The following two tabs change content below. Due to the fact that our incubators are not air-tight, the ambient humidity will have an affect on the humidity inside the incubator. I.

Within a few months I needed more space so I moved up to 2 styrofoam incubators.

This goes along with the first point actually, but does deserve it's own mention. Powered by WordPress. We recommend raising the humidity during “lockdown,” or, the last few days of incubation. If you have any questions about your incubator or anything mentioned in this article please feel free to contact us! Opening up the incubator to help just adds to the lack of moisture problem for that chick and all the rest of the hatching chicks.
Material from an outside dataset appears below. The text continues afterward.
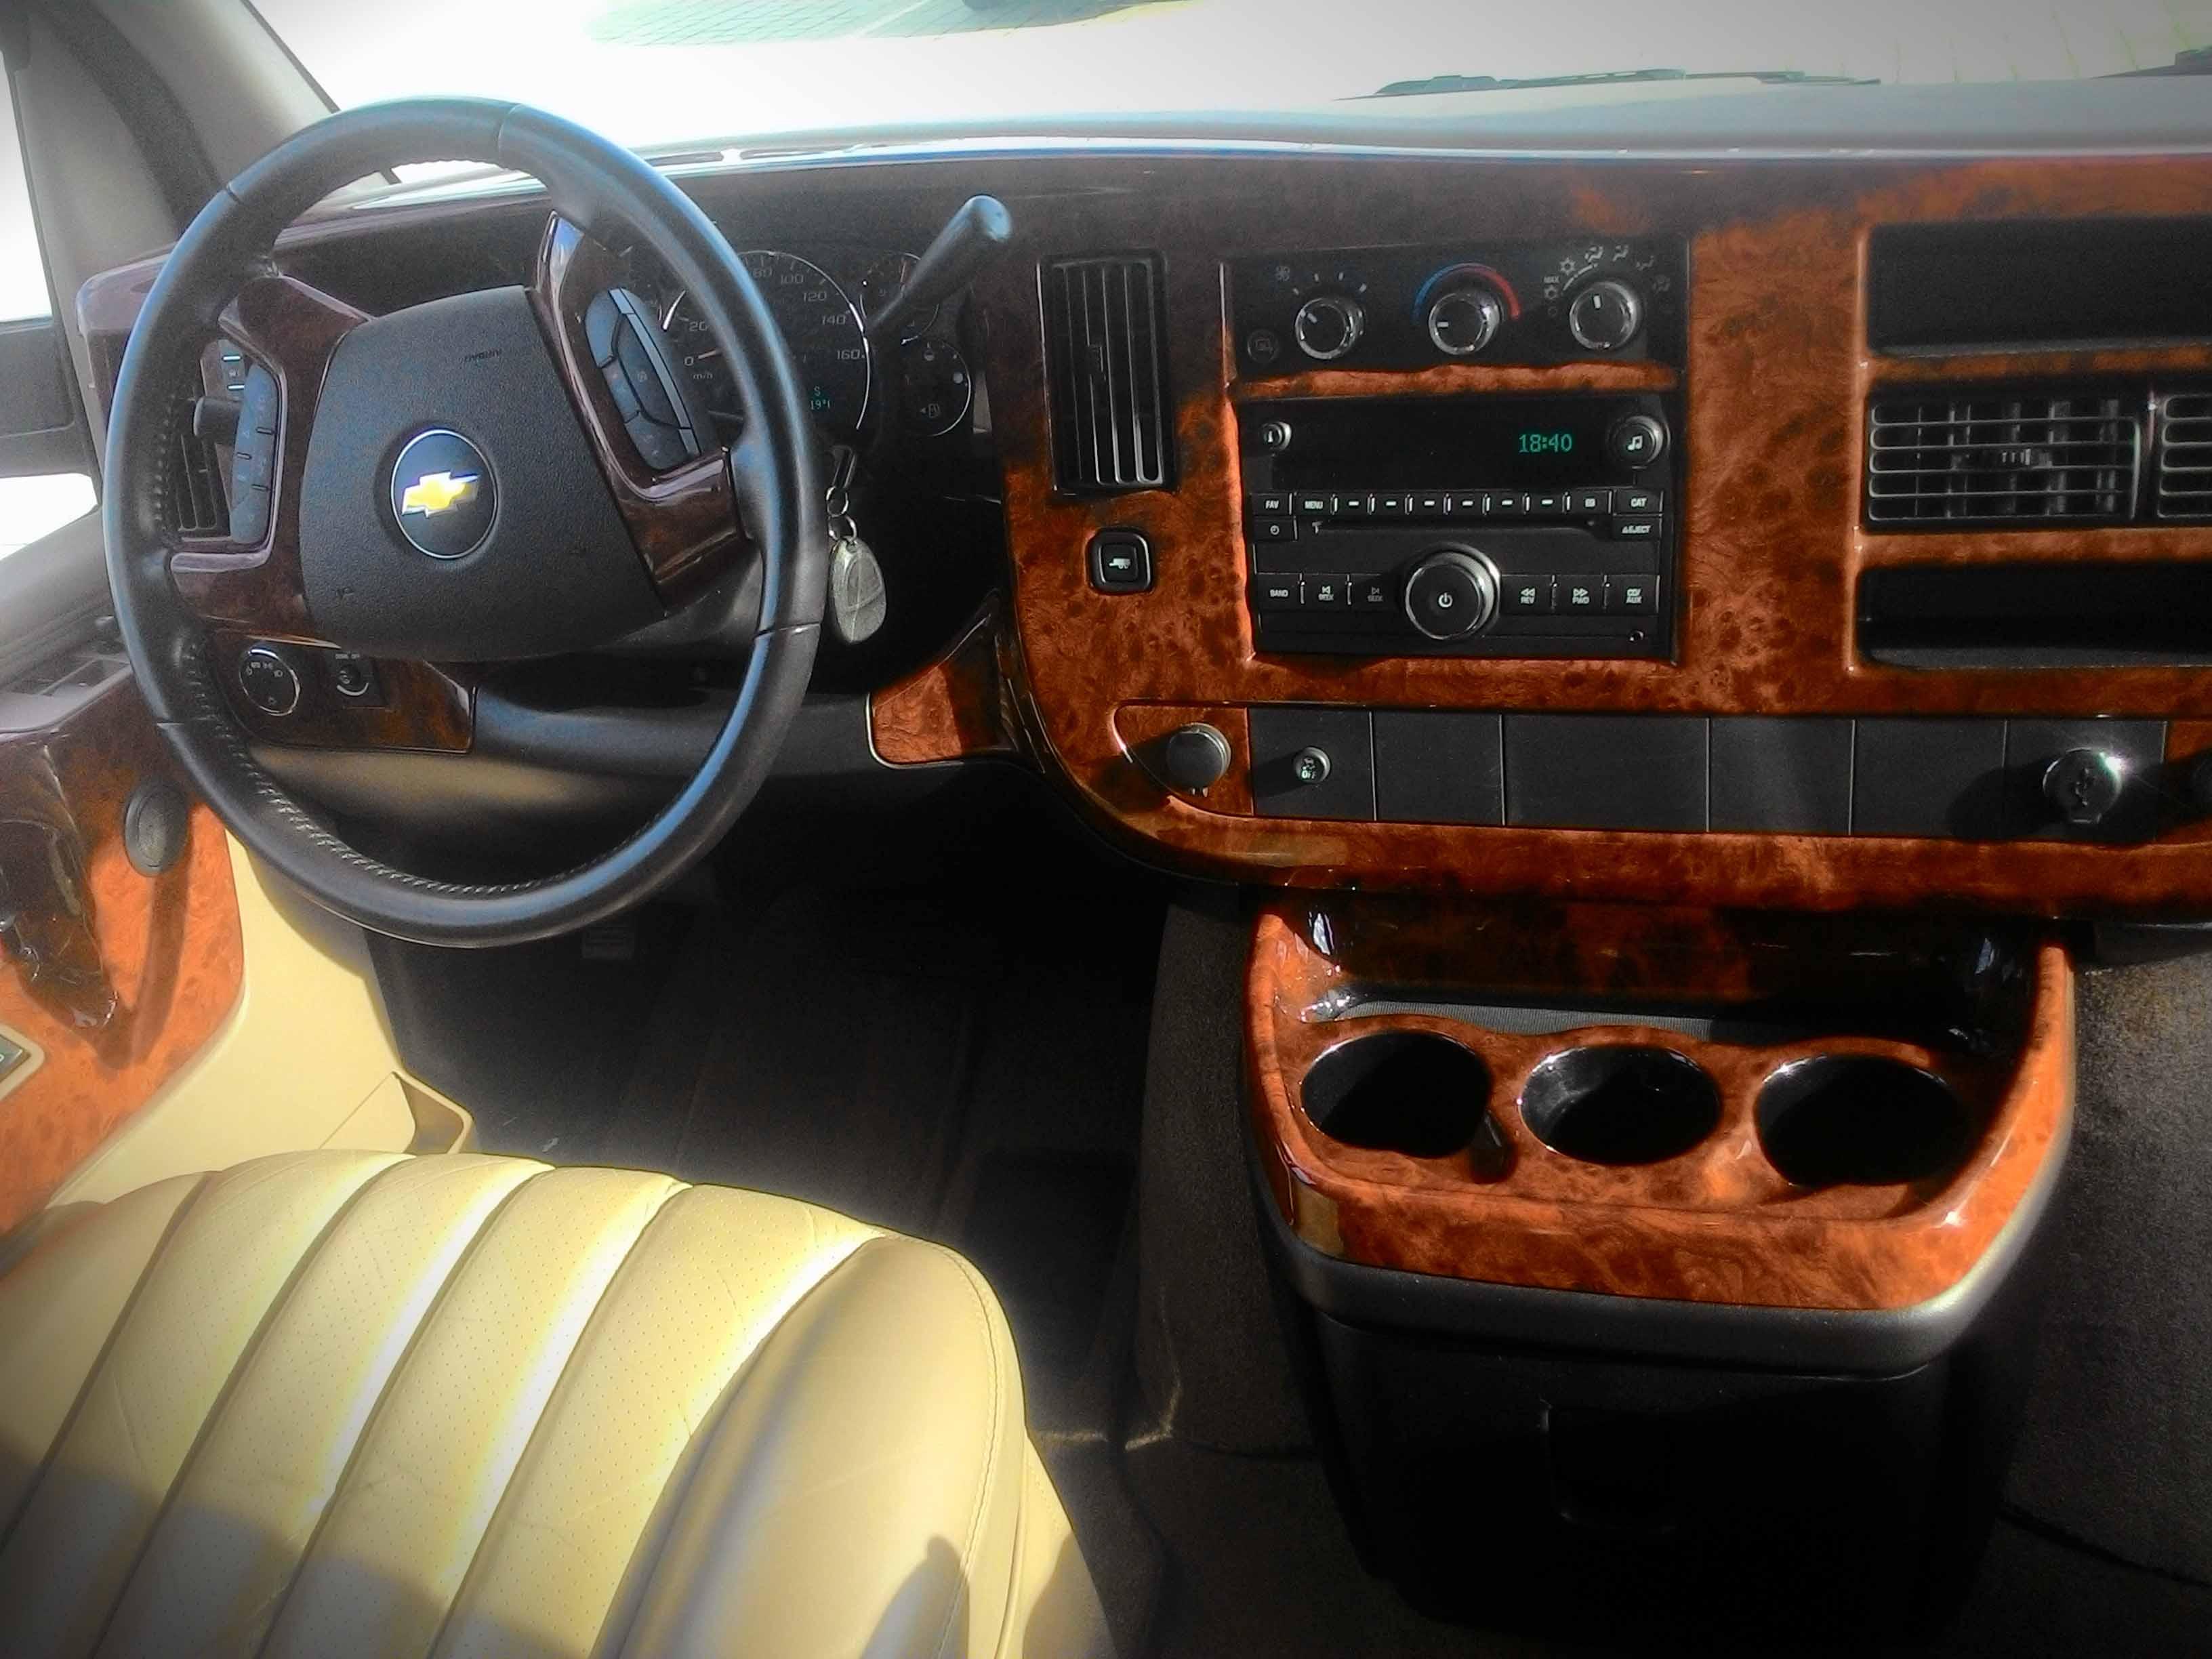 Chevrolet Express 2012 интерьер

Are they drowning and if so what can I do ? It's possible, but the more the temperature spikes and the longer it stays elevated the less chance that the keets will hatch. The eggs were out on their own for 1 1/2 day. Get a tube or straw small enough to fit through the hole and put a pieces of sponge under the hole before lockdown. Be the first to know about new products and special offers. Stranger things have happened though, and guineas love to surprise you so I wouldn't give up on them just because of a temp spike.

So what happens if you don’t have a hygrometer, or you aren’t sure if your hygrometer is accurate? High humidity at the beginning of incubation can be corrected later on with lower humidity and vice versa. A good quality incubator should have a powerful temperature control where the temperature can be adjusted accordingly, and the accuracy is pretty much spot on.
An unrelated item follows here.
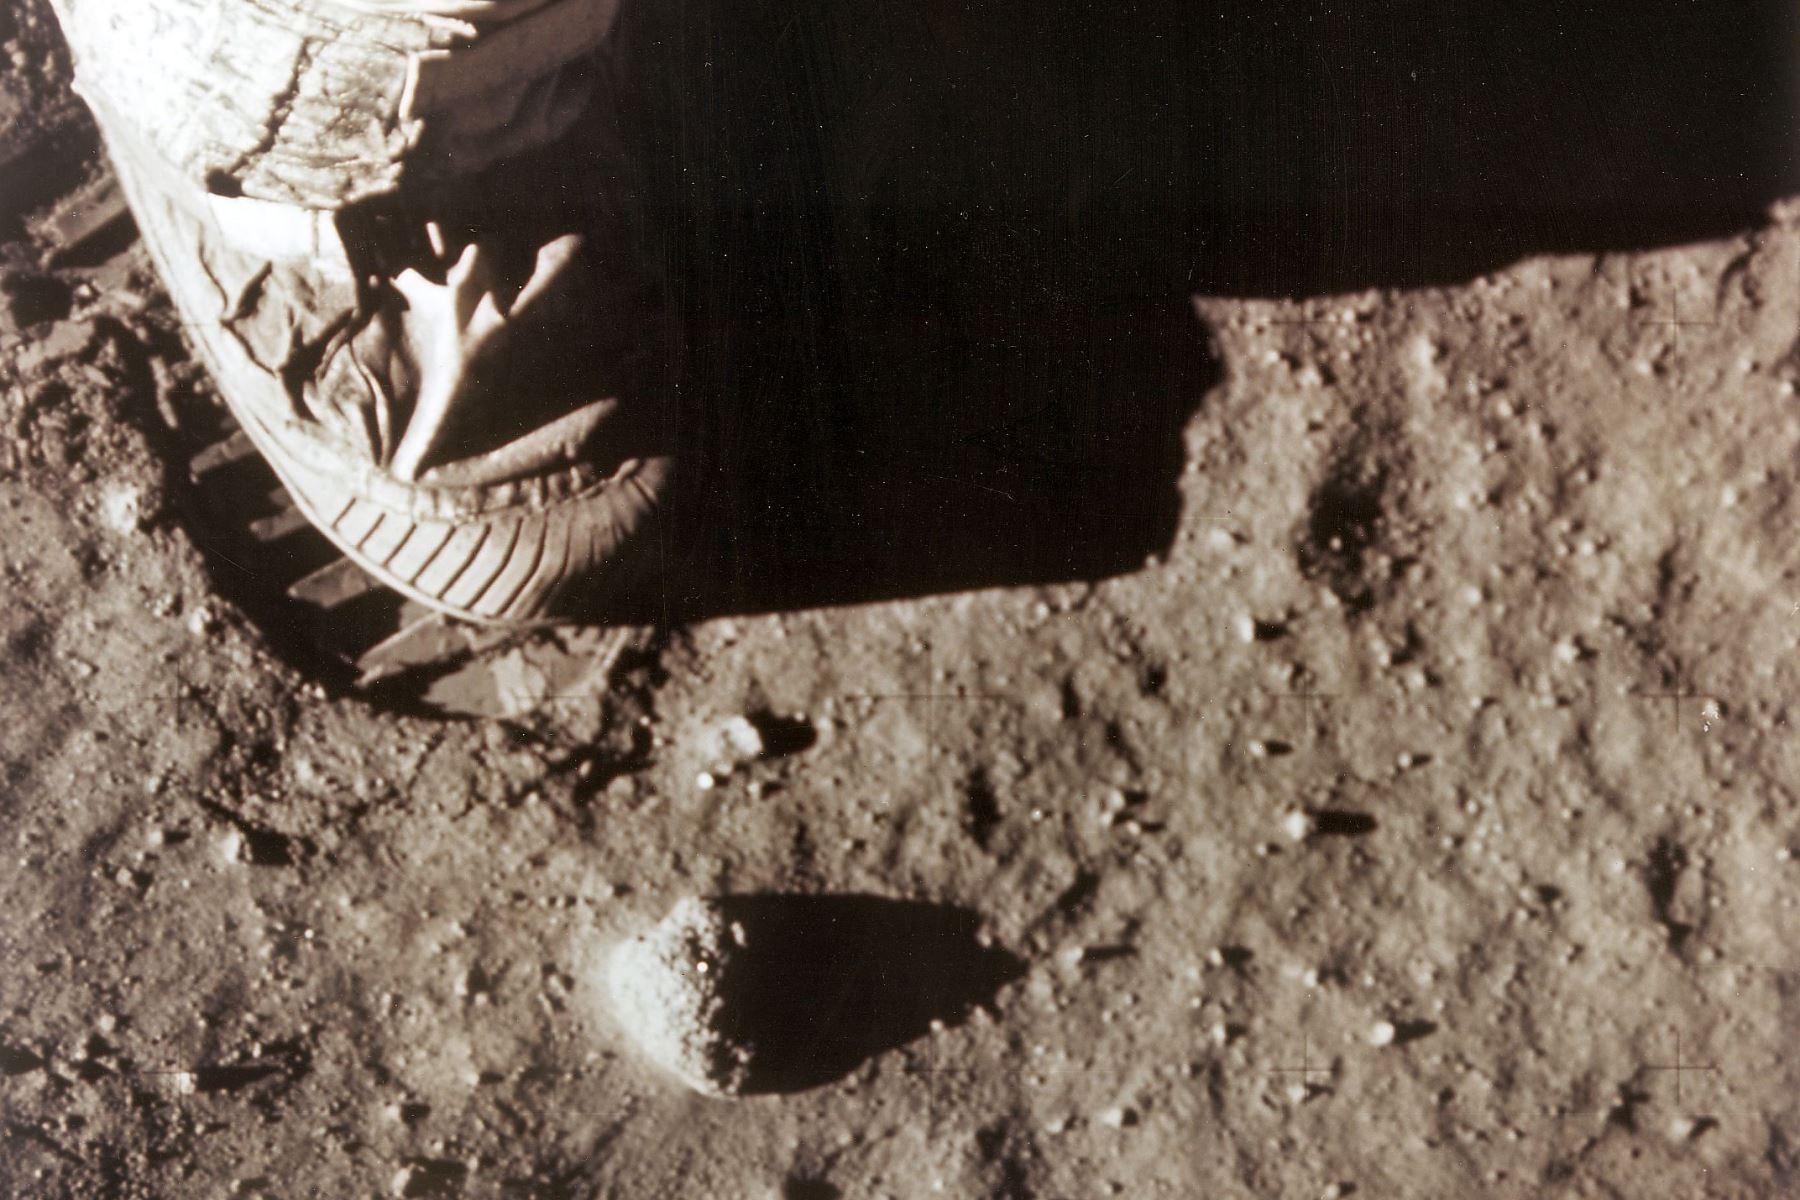 El pie derecho del comandante del Apolo 11, Neil Armstrong, deja una huella en el suelo lunar el 20 de julio de 1969. Foto: AFP

You could put soaked towels in there and set a little water – like a butter dish in there works as well. This temperature and humidity should be maintained for the first 14 days. For virtually all birds, humidity needs to be higher at hatching than it was throughout incubation. When an egg is being hatched by a broody hen, she will leave the nest daily to eat.

About 10-14 days into incubation, start spraying your eggs once daily before closing the incubator lid after turning. Fresher eggs will sink because they weigh more, while old eggs will float because they have much more empty space in them. Since I started watching out for and avoiding these 4 incubation mistakes, my hatches have been much more successful! I don't leave the incubator open that long, but a few minutes while I spray and look them over. Our EX units come supplied with evaporating pads or blocks that can help to raise the humidity.

That all being said, the picture above is a guinea keet who tried to hatch feet first. This is called shrink wrapping.

I have issues with humidity in the beginning if lockdown such as being barely at 65..once some start to pip and eventually hstch the humidity spikes hight 85, 89....I leave off the little caps To get it down. As you can see, the egg is out of the incubator and I did pop the top on this one and she was perfectly fine. As mentioned above, our EX models come equipped with a humidity pump and internal hygrometer that make incubation a little less stressful. Adding too much moisture to the incubator to compensate for opening it can also cause the un-pipped eggs to not lose enough moisture. In this case the incubator temperature is set and remains steady. If you've tested your incubator for a few days as I recommended you'll know that your incubator temp holds steady. They almost always have some other problem that presented it itself after they were out of the shell, and helping them hatch only prolongs their suffering. We will tell you right now that if it is cheap and can’t be calibrated, you get what you pay for! It was heartbreaking and a hard lesson to learn for everyone.